Last week, elections officials took the machines to senior centers in Bowling Green, North Baltimore, Perrysburg, Rossford, and Walbridge.
"A lot of them come in and they aren't sure. Some are scared," said Terry Burton, director of the county elections board. "We didn't feel anyone left not comfortable with what they were doing."
Carol Haley stopped by the senior center in Bowling Green with her husband, Dick, to give the machines a try. She found the touch-screen system self-explanatory.
"I think it's pretty simple," Mrs. Haley said. "We liked the old way, but if they want to change it, these are fine."
Local elections officials didn't actually want to replace the punch-card voting machines Wood County had used for decades, but all counties were required by federal law to go to either touch-screen or optical-scan systems by 2006. The government provided $1.3 million to Wood County to buy 487 touch-screen machines.
Mrs. Haley said one doesn't need computer skills to use the devices.
"All you have to do is pay attention and do what you're told," she said.
After casting a sample ballot by touch-screen, Barbara Bruce, 75, of Bowling Green said she didn't think voters could make mistakes.
"It's a very nice idea, very simple," she said. "It was very well explained."
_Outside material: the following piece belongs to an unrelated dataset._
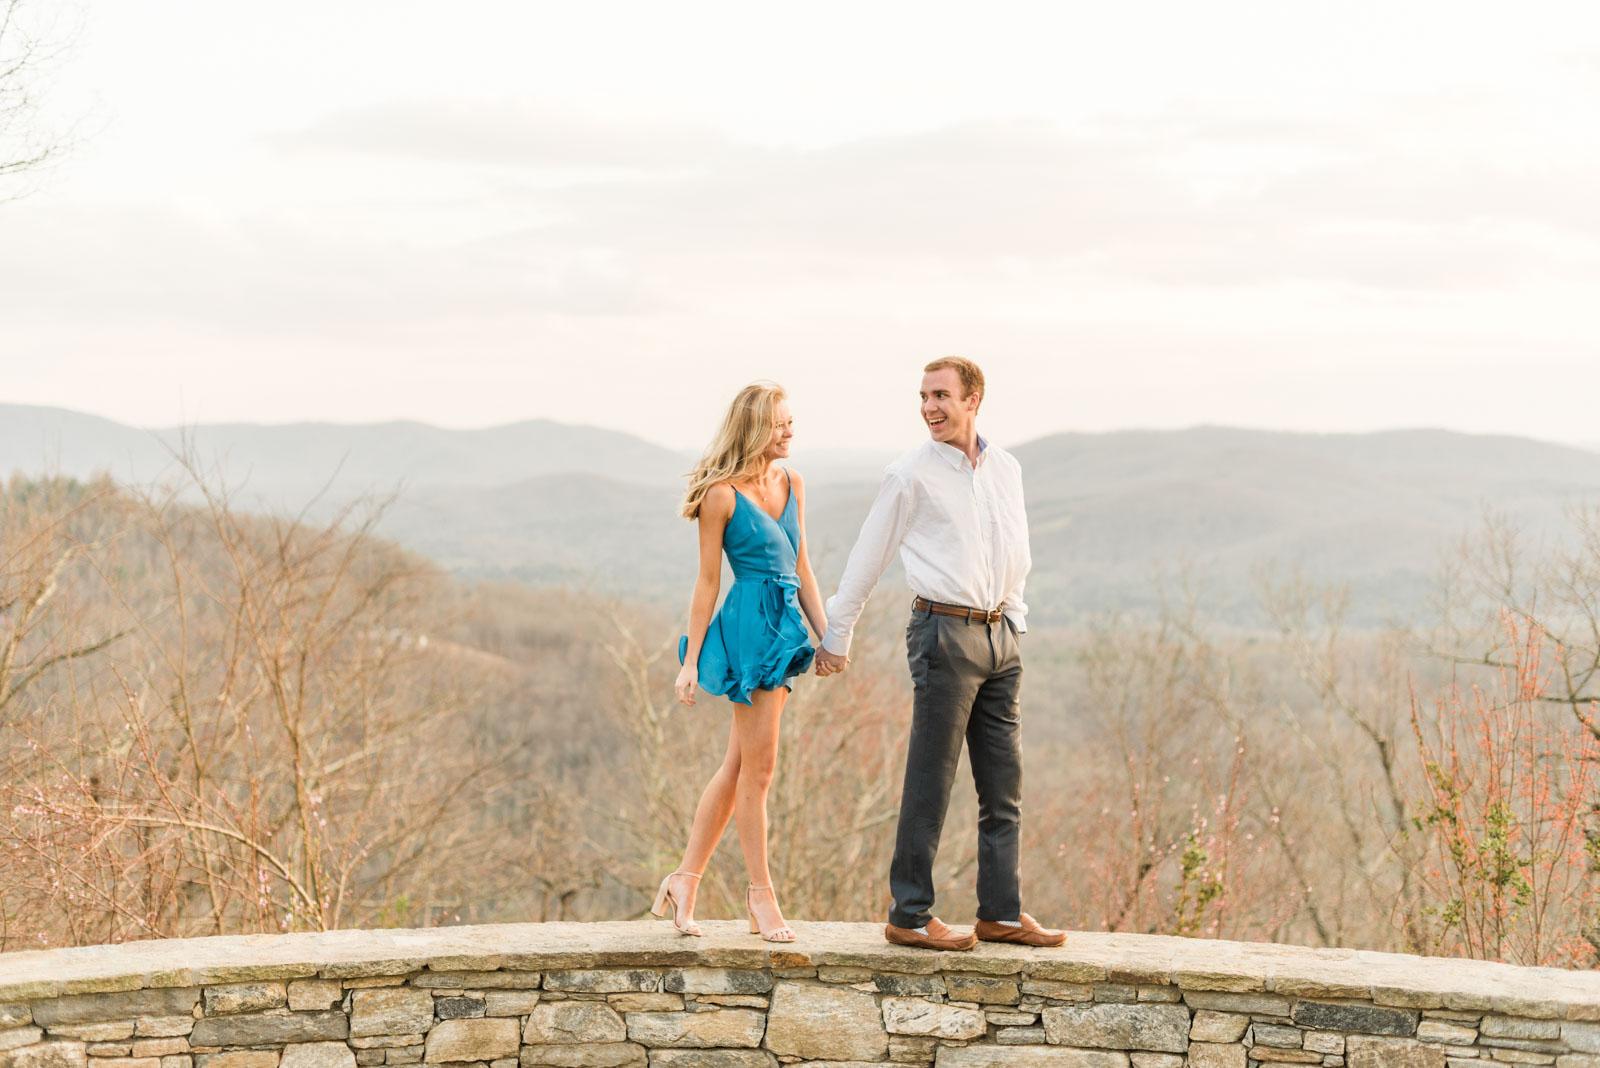 Sunset Mountain Engagement in North Carolina Morgan & Nathan Markie Walden Photography-31.jpg

Deborah Hazard, deputy director of the elections board, said voters still will sign a poll book as they have in the past; but instead of being given a paper ballot, they will receive what looks like a credit card that has been programmed with their precinct number.
The voter inserts the card into the voting machine, and the ballot appears on the screen. Voters then touch the box next to the name or response they wish to vote for and touch the box again if they want to rescind that vote and change it.
Before leaving the voting booth, voters will be able to double-check how they voted on both the screen and a paper receipt that prints next to the screen. If it's correct, they'll touch "cast ballot." If it's not, they'll press "reject ballot" and start over.
Headphones also are available to make it easier for visually impaired voters to cast ballots.
"I like it," said William Hungling of Bowling Green. "But I don't think it's going to save any time."
Ms. Hazard agreed with that assessment.
Mr. Burton said elections officials will continue to take the machines out to Wood County communities for demonstrations before training poll workers later this month.
A touch-screen voting machine also is set up inside the elections office in the Wood County office complex next to the courthouse. It is available for the public to try anytime during business hours, 8:30 a.m. to 4:30 p.m. Monday through Friday.
Fulton and Lucas counties also have been introducing the touch-screen machines to voters. Officials in both counties said they are taking requests from organizations that would like to have demonstrations.